Learning conditions in many Detroit schools are so bad, they violate students’ basic rights under the U.S. Constitution.
That’s what a new federal lawsuit contends. It was filed on behalf of students at five of the lowest-performing Detroit schools, including one charter school.
The suit cites an ongoing lack of basic educational resources, including teachers, that together deny children of their “constitutional right to literacy.”
And it lays blame squarely on the state government. “Decades of state disinvestment in and deliberate indifference to the Detroit schools have denied plaintiff schoolchildren access to the most basic building block of education: literacy,” the lawsuit states.
Pro bono law firms and education advocates brought the lawsuit on the students’ behalf. It also names Gov. Snyder and state education officials as defendants, and seeks class-action status.
Attorney Mark Rosenbaum says this was a last resort because “It’s now crystal clear that the governor is not going to act unless a federal court steps in.”
Rosenbaum says the lawsuit doesn’t ask for specific remedies, but demands that the state take steps to provide “evidence-based literacy instruction,” and remove “impediments to learning” like substandard building conditions.
“That isn’t rocket science. It isn’t some complicated new sort of remedy,” Rosenbaum said. “What we’re asking the state is to care about these kids.”
In asserting that schoolchildren have a fundamental right to literacy — and suing the state of Michigan for failing to provide it — the suit echoes one the Michigan ACLU filed in 2012 on behalf of students in Highland Park.
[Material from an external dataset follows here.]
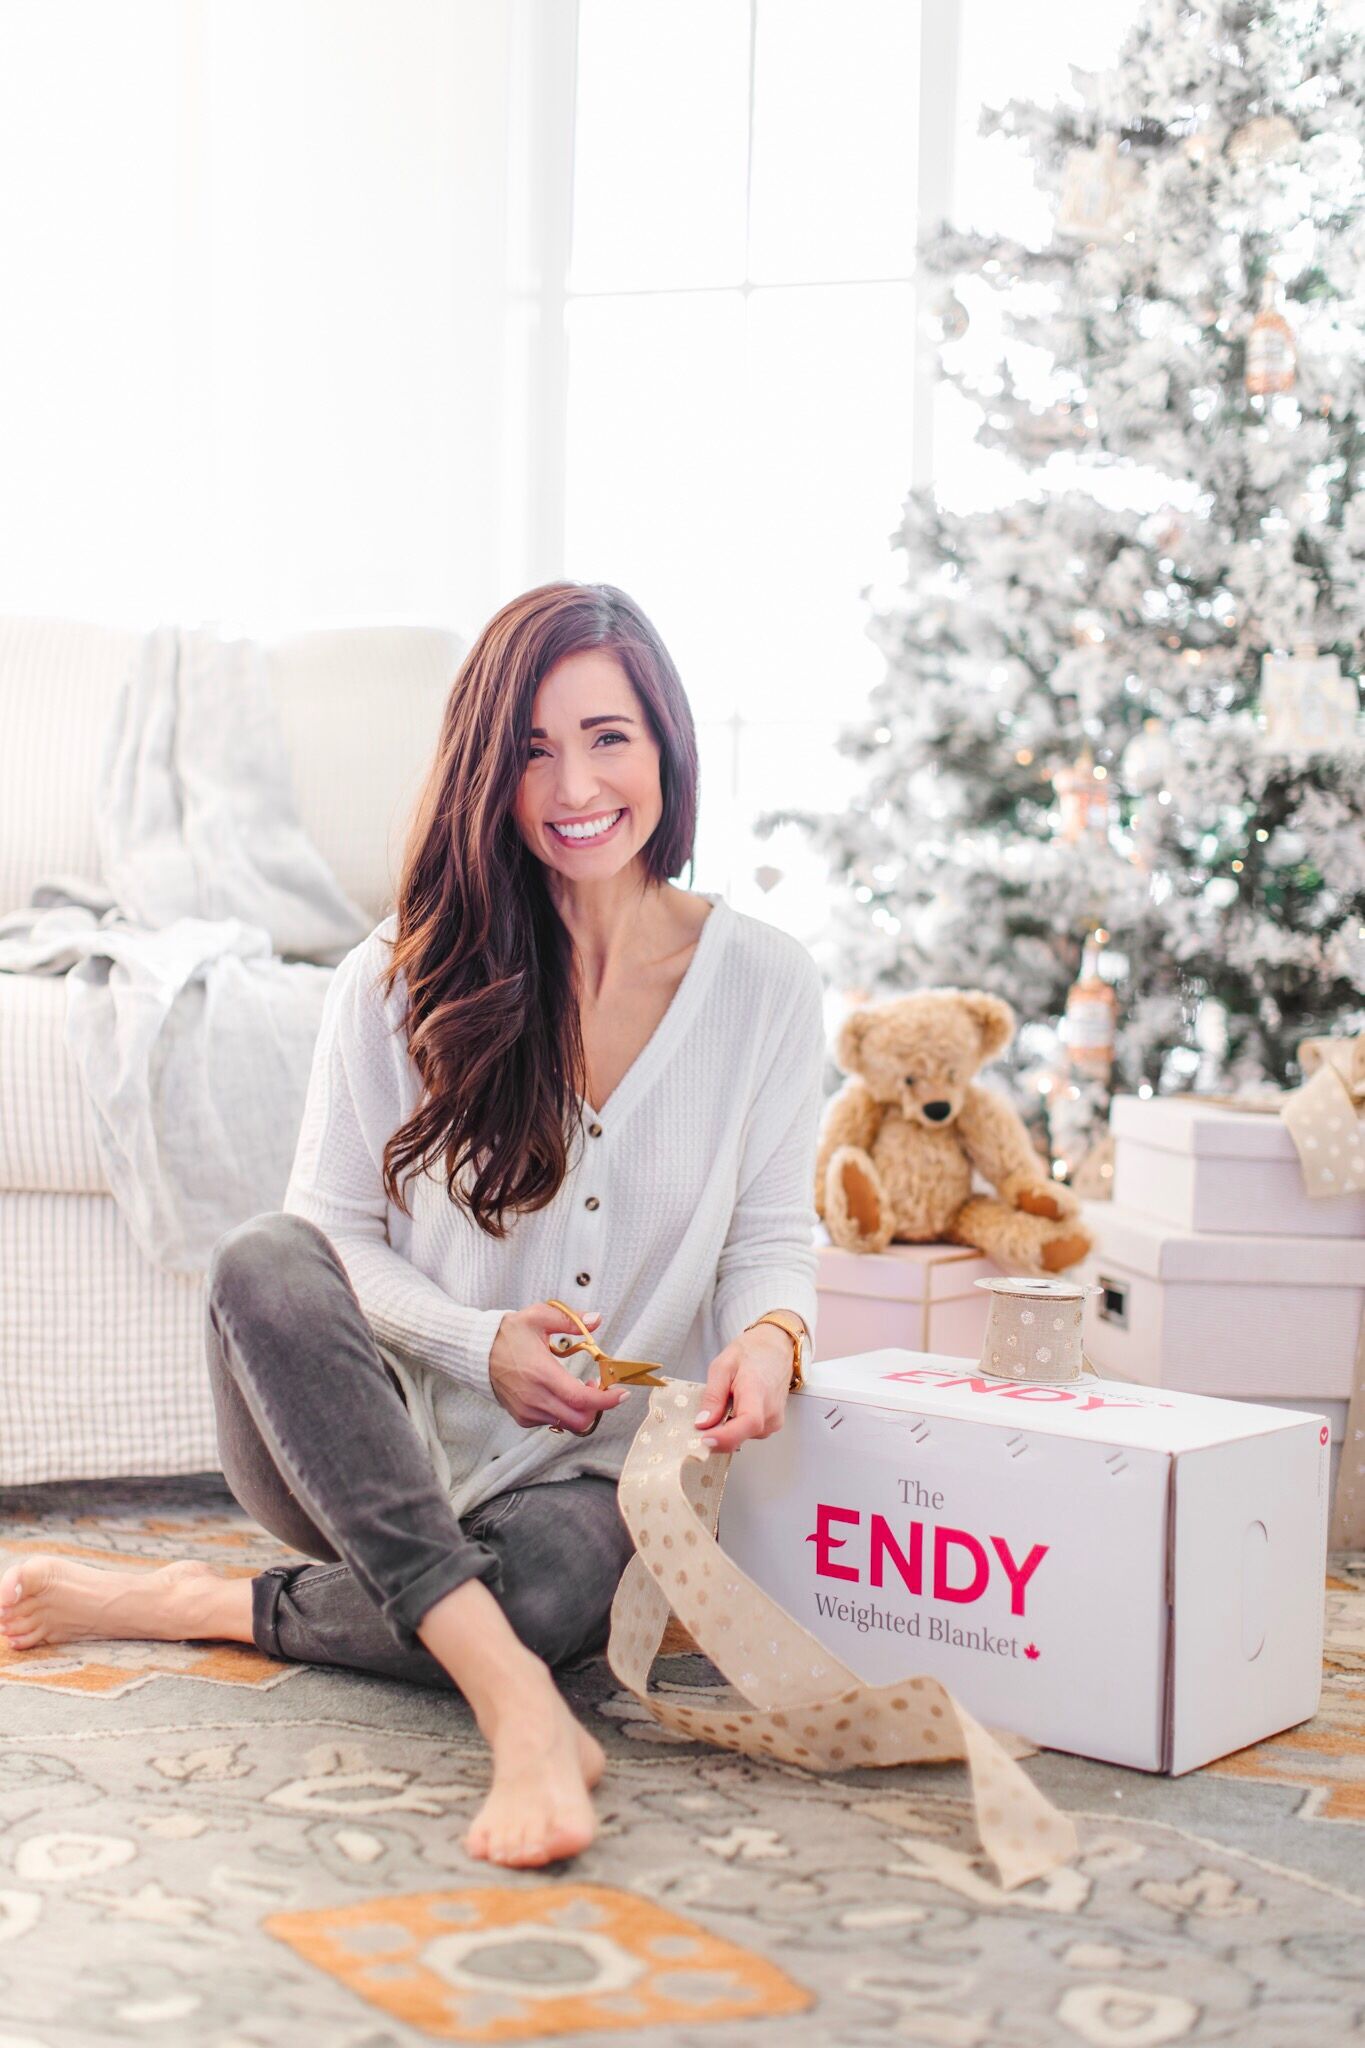 Endy bed giveaway

That “right to read” case was dismissed by the Michigan Court of Appeals, which held that the state constitution does not necessarily guarantee all schoolchildren an adequate education.
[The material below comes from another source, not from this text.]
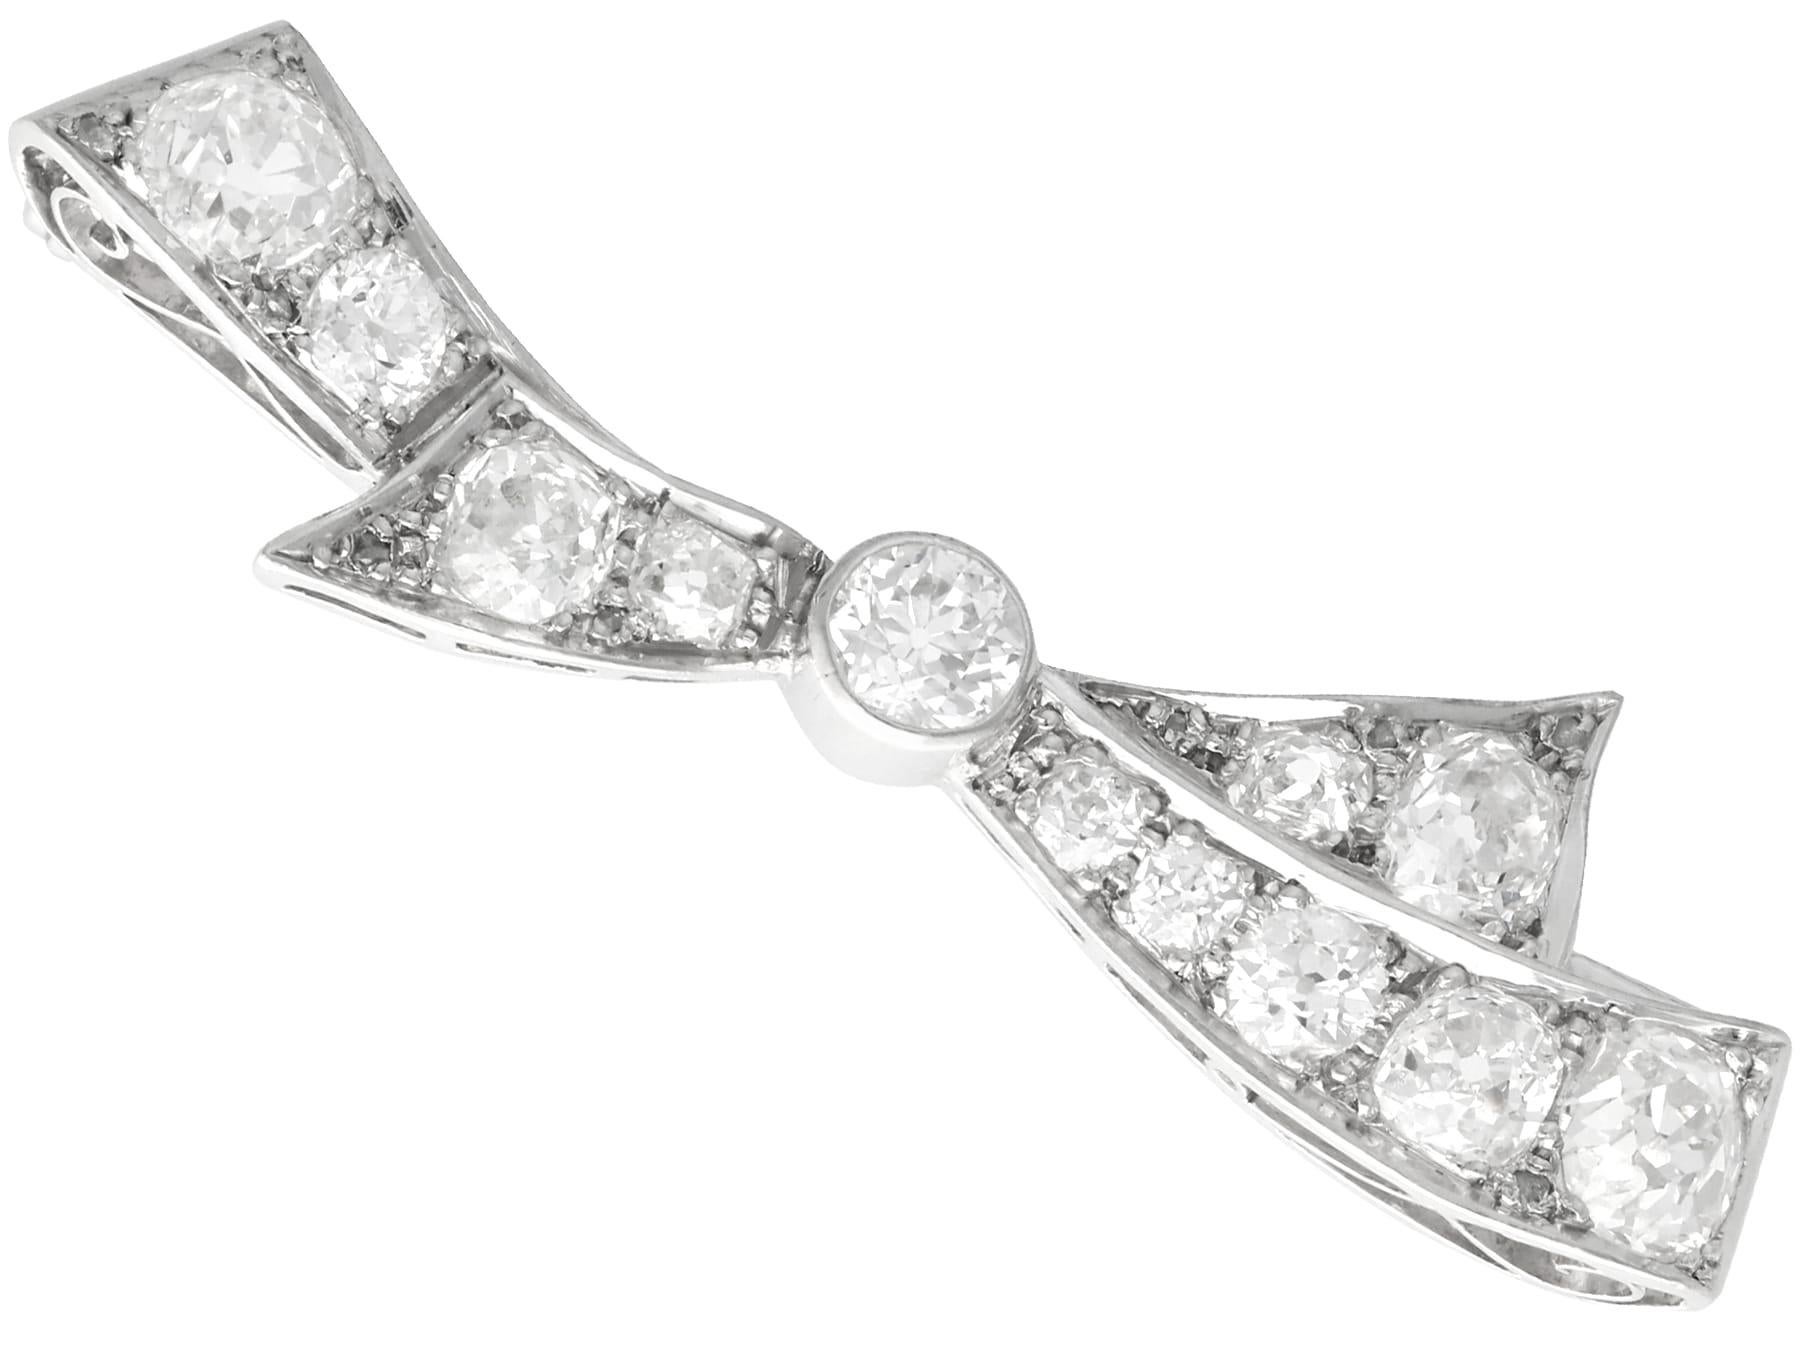 Antique 4.45ct Diamond and Platinum Bow Brooch In Excellent Condition For Sale In Jesmond, Newcastle Upon Tyne

But this case was filed in federal court, with the belief that “a right of access to literacy is well-grounded upon existing Supreme Court precedent construing the Fourteenth Amendment,” which guarantees equal protection under the law.
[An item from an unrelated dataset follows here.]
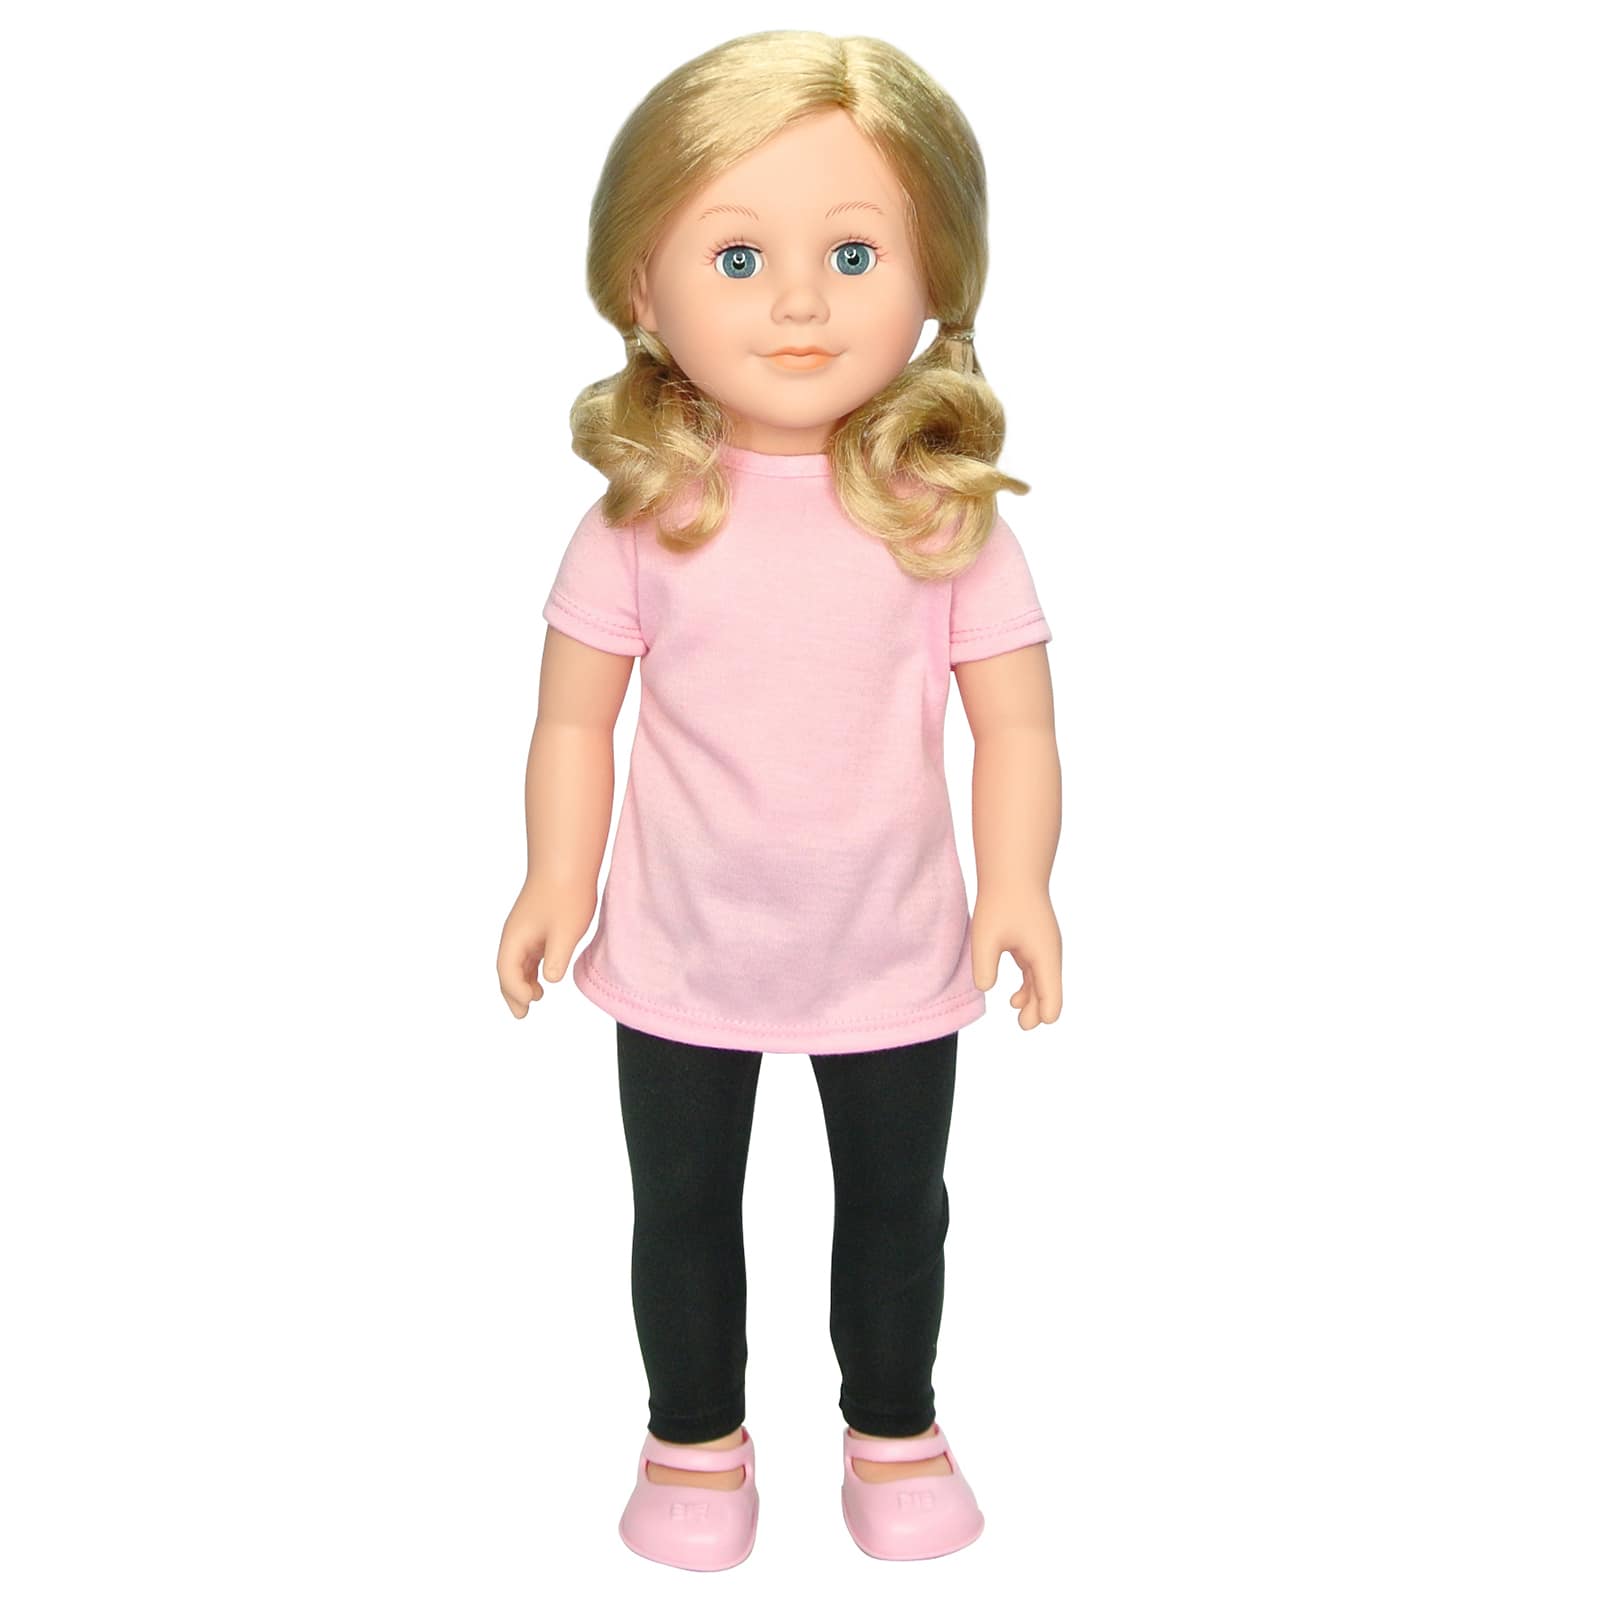 Modern Girls Madeline Doll by Creatology™

While Lansing stepped in to keep the state-run Detroit Public Schools out of bankruptcy this summer, Detroit Federation of Teachers interim president Ivy Bailey says it wasn’t enough to sustain the district.
“The money the state gave us was not enough money,” said Bailey. “They’re starving us.”
A spokesperson for the new Detroit Public Schools Community District did not immediately respond to a request for comment. Gov. Snyder spokesman Ari Adler declined to comment on “pending litigation.”